** WORKING DATA follows **

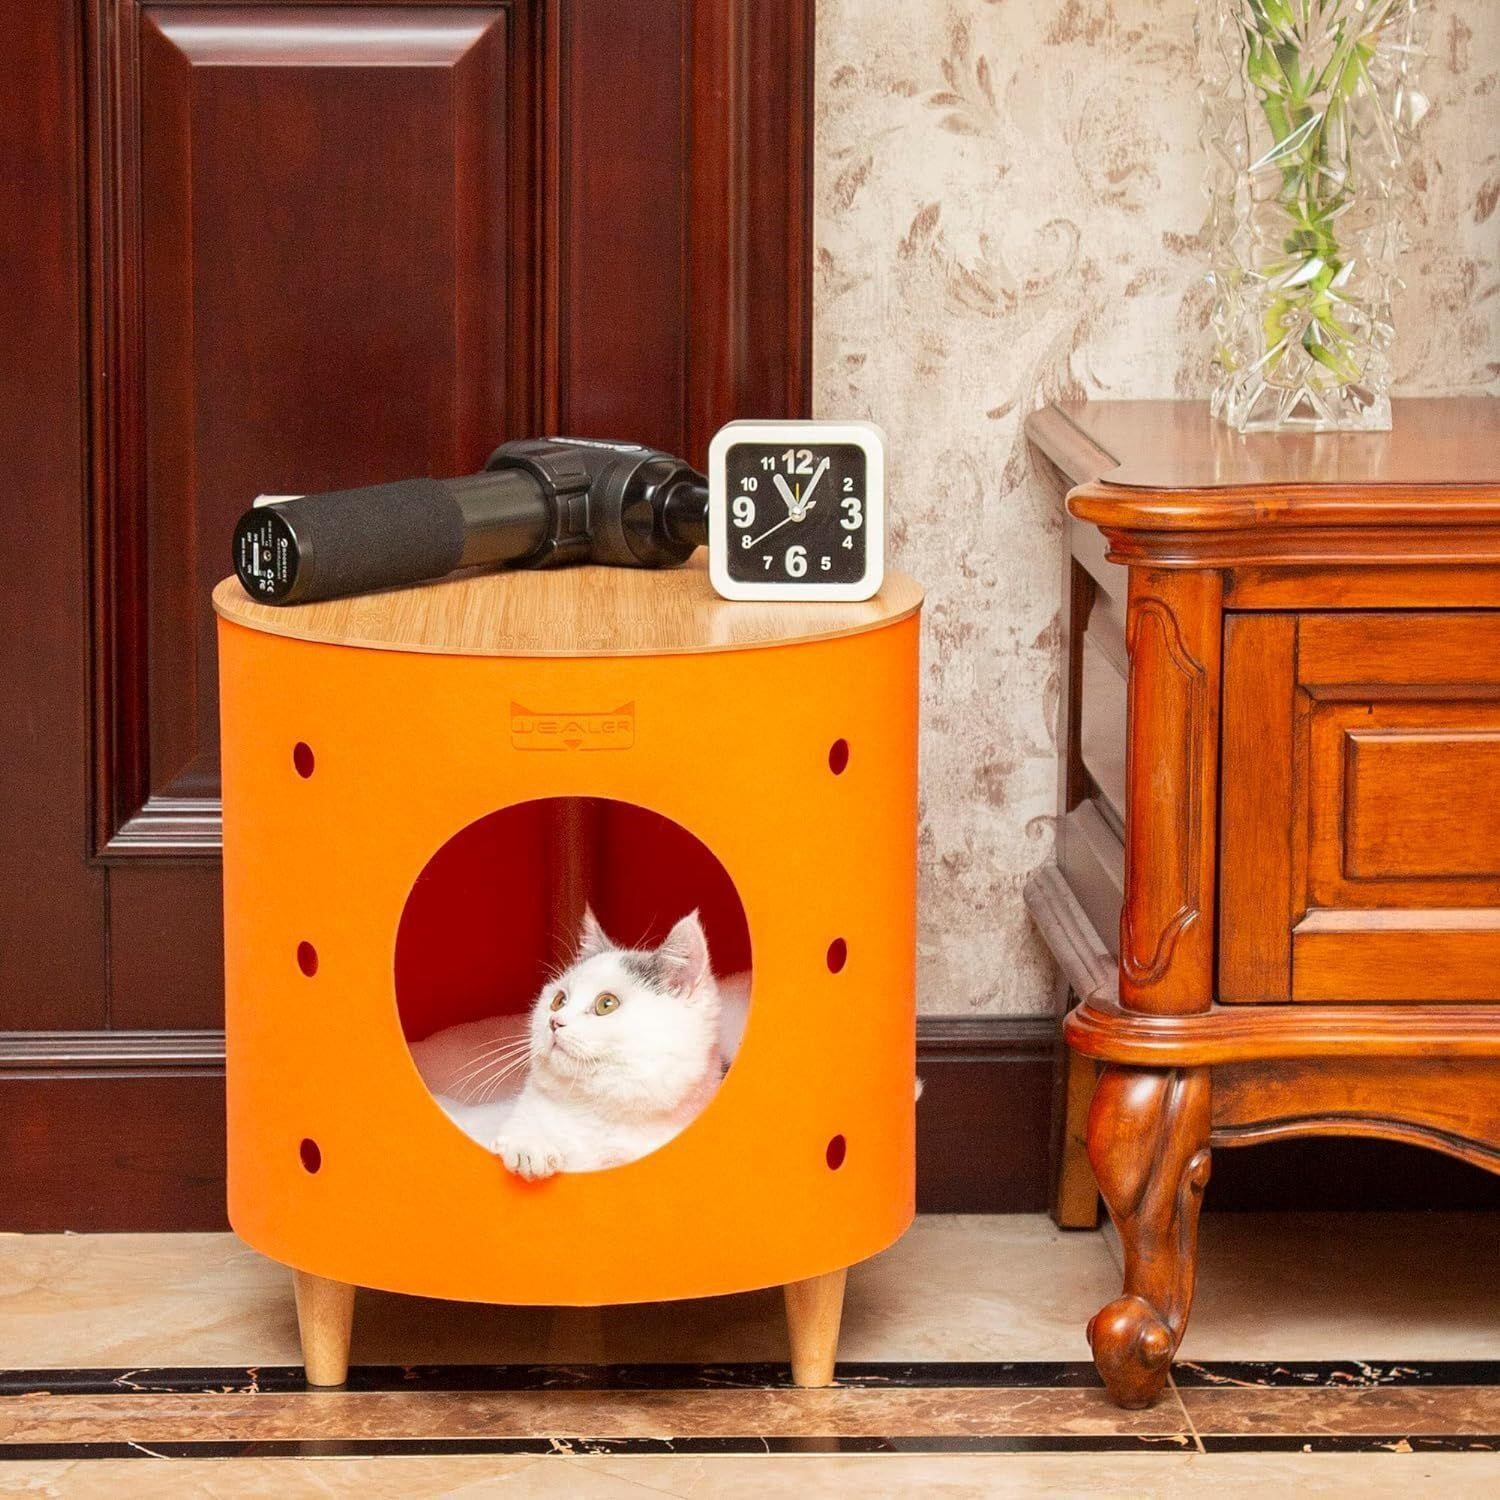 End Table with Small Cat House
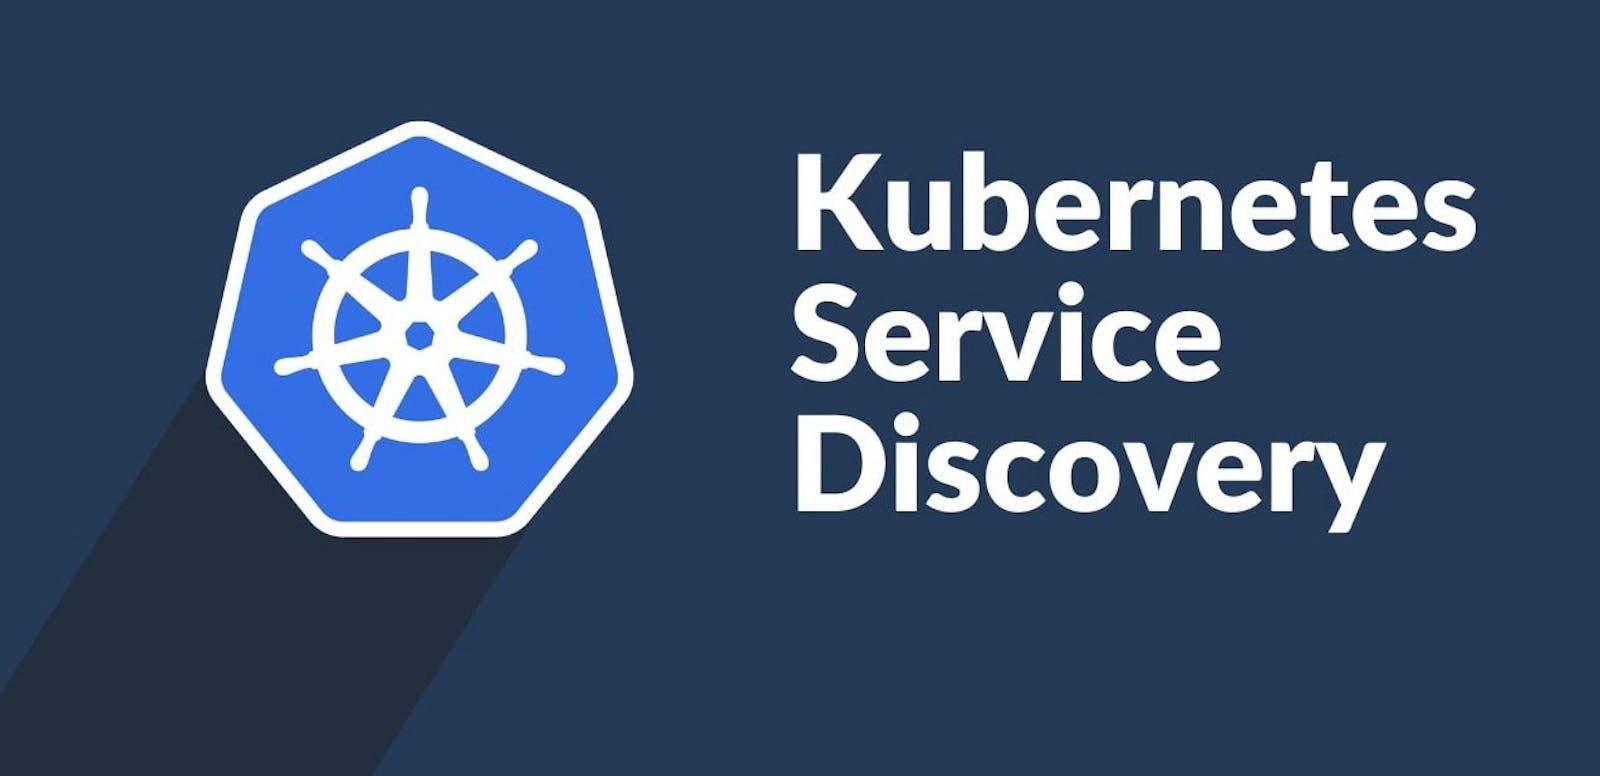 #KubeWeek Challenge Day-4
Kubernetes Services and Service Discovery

** End of WORKING DATA **
** WORKING DATA follows **

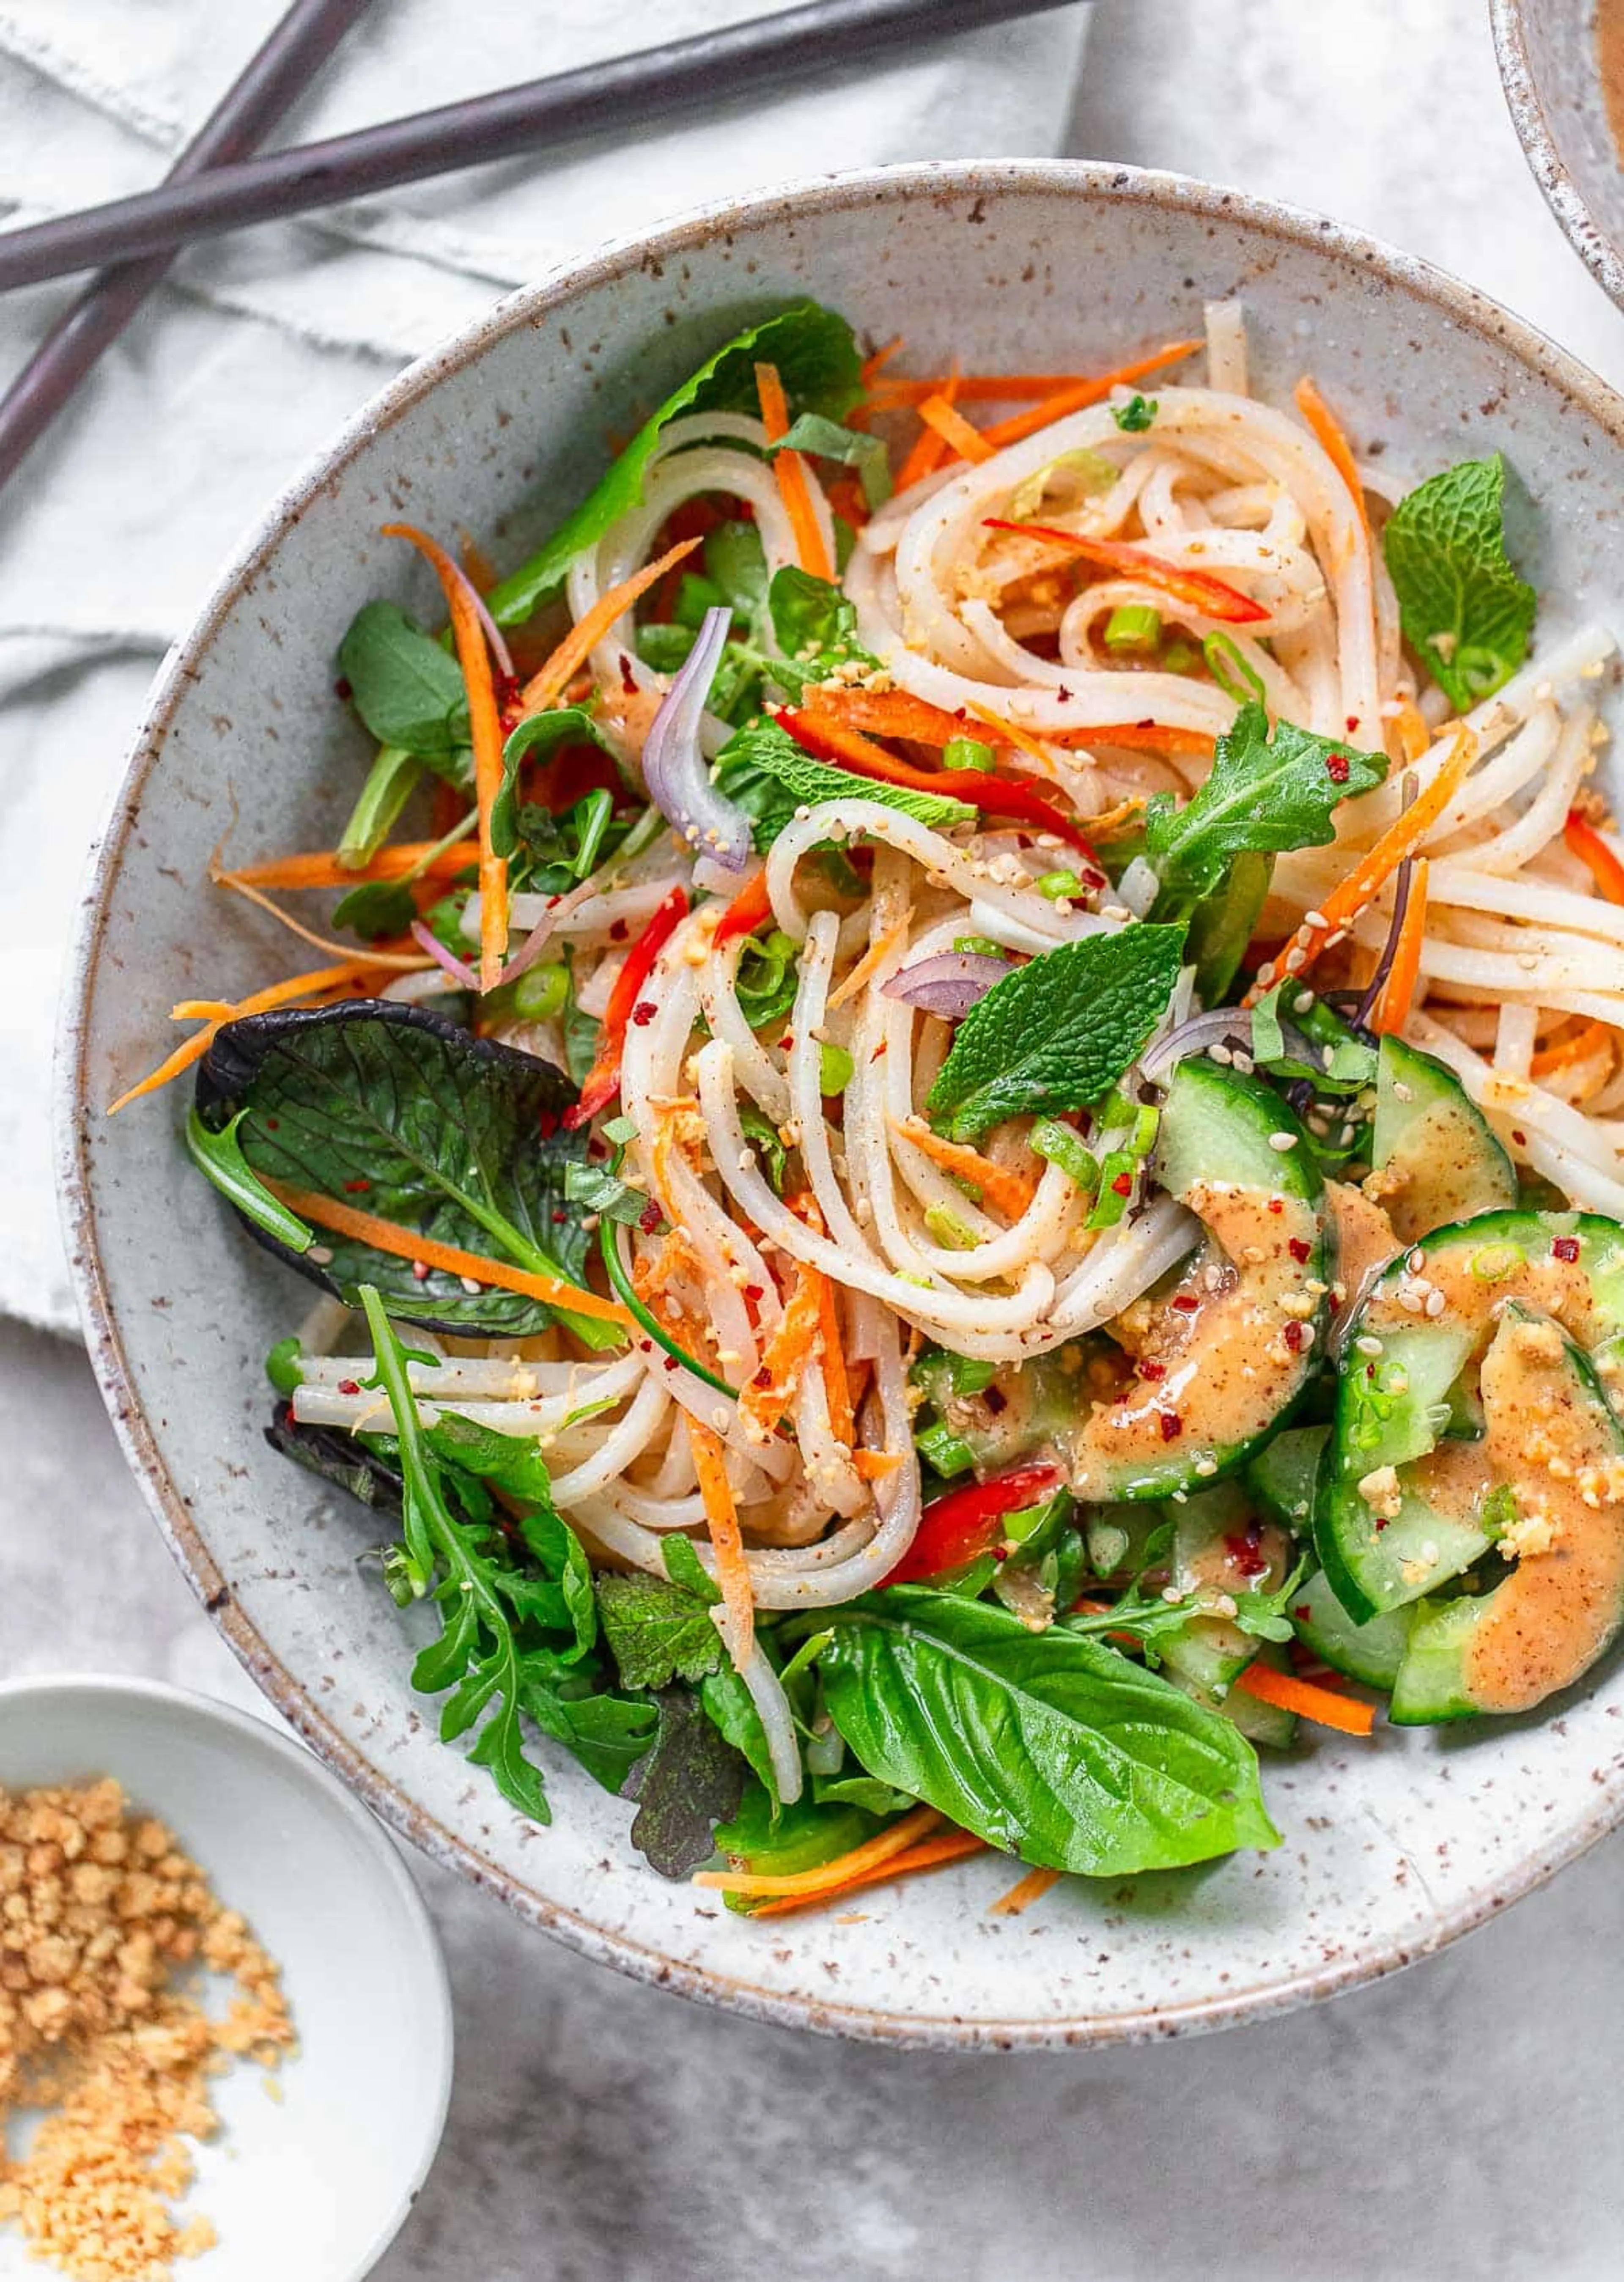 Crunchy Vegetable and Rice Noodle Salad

** End of WORKING DATA **

Nothing but the lines from the one with "End Table with Small Cat House" up to and including the one with "Kubernetes Services and Service Discovery" should be printed, exactly as they read above. Please keep the pictures out.

 End Table with Small Cat House
 #KubeWeek Challenge Day-4
Kubernetes Services and Service Discovery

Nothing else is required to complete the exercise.